Non. La majorité des anomalies discales — y compris les bombements, les protrusions et même certaines extrusions — sont prises en charge de manière conservatrice par kinésithérapie, analgésiques et adaptation de l'activité. Les études montrent que la plupart des douleurs radiculaires dues aux hernies discales s'améliorent significativement en 6 à 12 semaines sans chirurgie. La chirurgie est indiquée lorsque les déficits neurologiques sont progressifs, en cas de syndrome de la queue de cheval, ou lorsque le traitement conservateur échoue après un essai suffisant.
Qu'est-ce qu'une fissure annulaire et est-elle dangereuse ?
Une fissure annulaire est une disruption radiale des fibres annulaires — l'enveloppe fibreuse externe du disque. À l'IRM, elle apparaît comme une zone à haute intensité de signal (HIZ) : une tache focale hyperintense en T2 sur le bord postérieur du disque.
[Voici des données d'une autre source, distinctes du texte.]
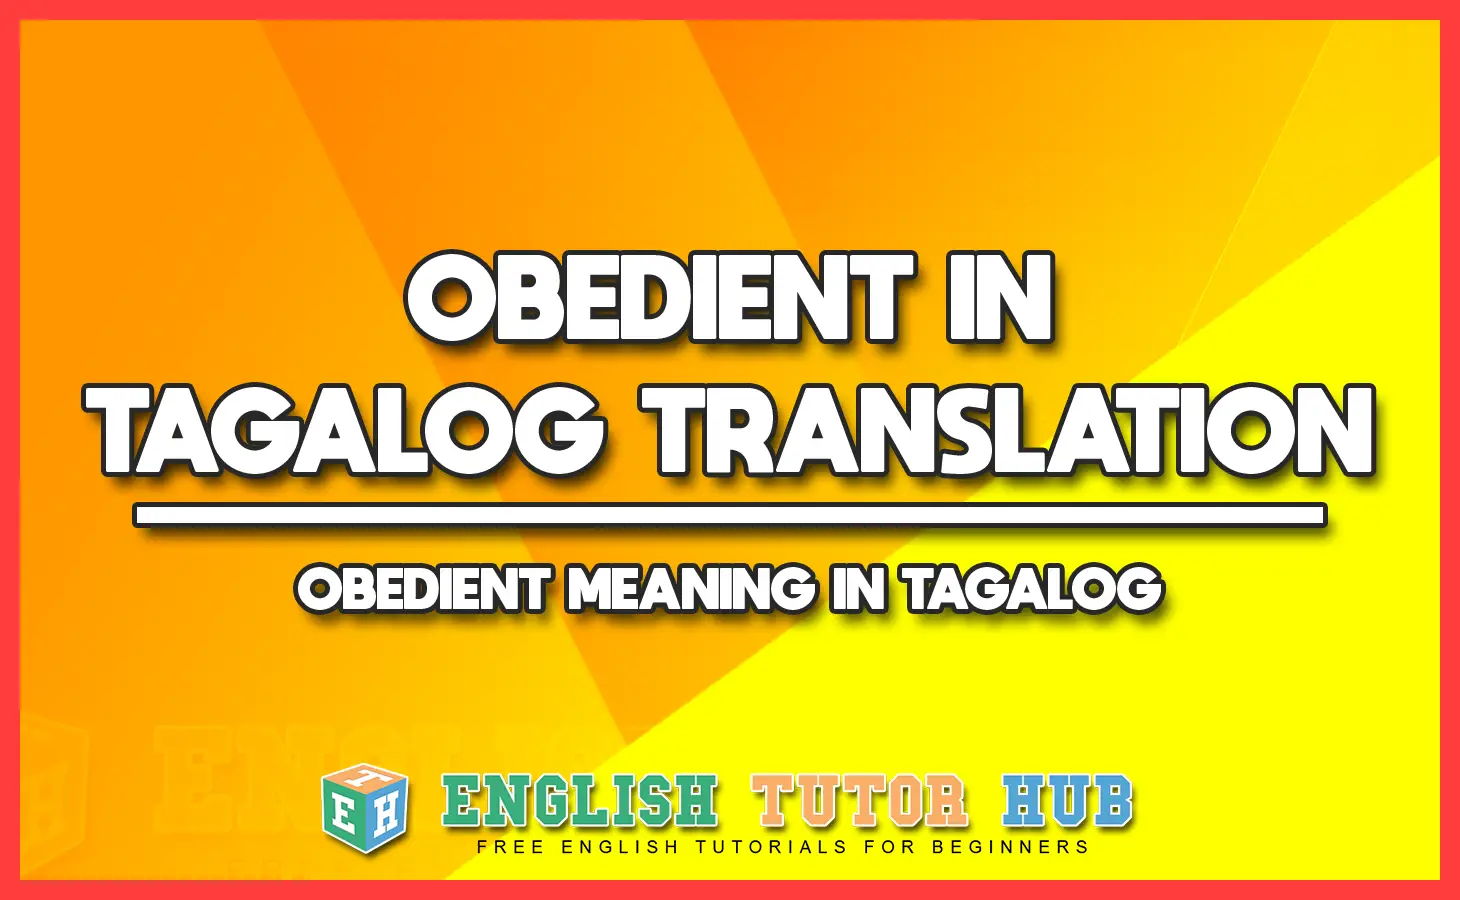 OBEDIENT IN TAGALOG TRANSLATION - OBEDIENT MEANING IN TAGALOG

Une fissure annulaire isolée n'est pas dangereuse en soi, mais représente une faiblesse structurelle prédisposant à une future hernie. Elle peut également être source de douleur discogénique si la fissure s'étend jusqu'aux fibres annulaires externes sensibles à la douleur, même sans compression radiculaire.
En quoi les symptômes de la sténose diffèrent-ils de ceux de la hernie discale ?
La hernie discale provoque généralement une douleur radiculaire aiguë dans un membre inférieur suivant une distribution dermatômale spécifique, aggravée par la flexion, la toux ou l'éternuement, et s'améliore souvent rapidement en quelques semaines. La sténose (en particulier la sténose du canal central) provoque une claudication neurogène — douleur bilatérale des membres inférieurs, sensation de lourdeur et faiblesse s'aggravant progressivement à la marche ou en station debout et soulagées par la position assise ou en se penchant en avant (la flexion du rachis lombaire élargit le canal). Les symptômes de sténose tendent à être plus chroniques et d'installation progressive.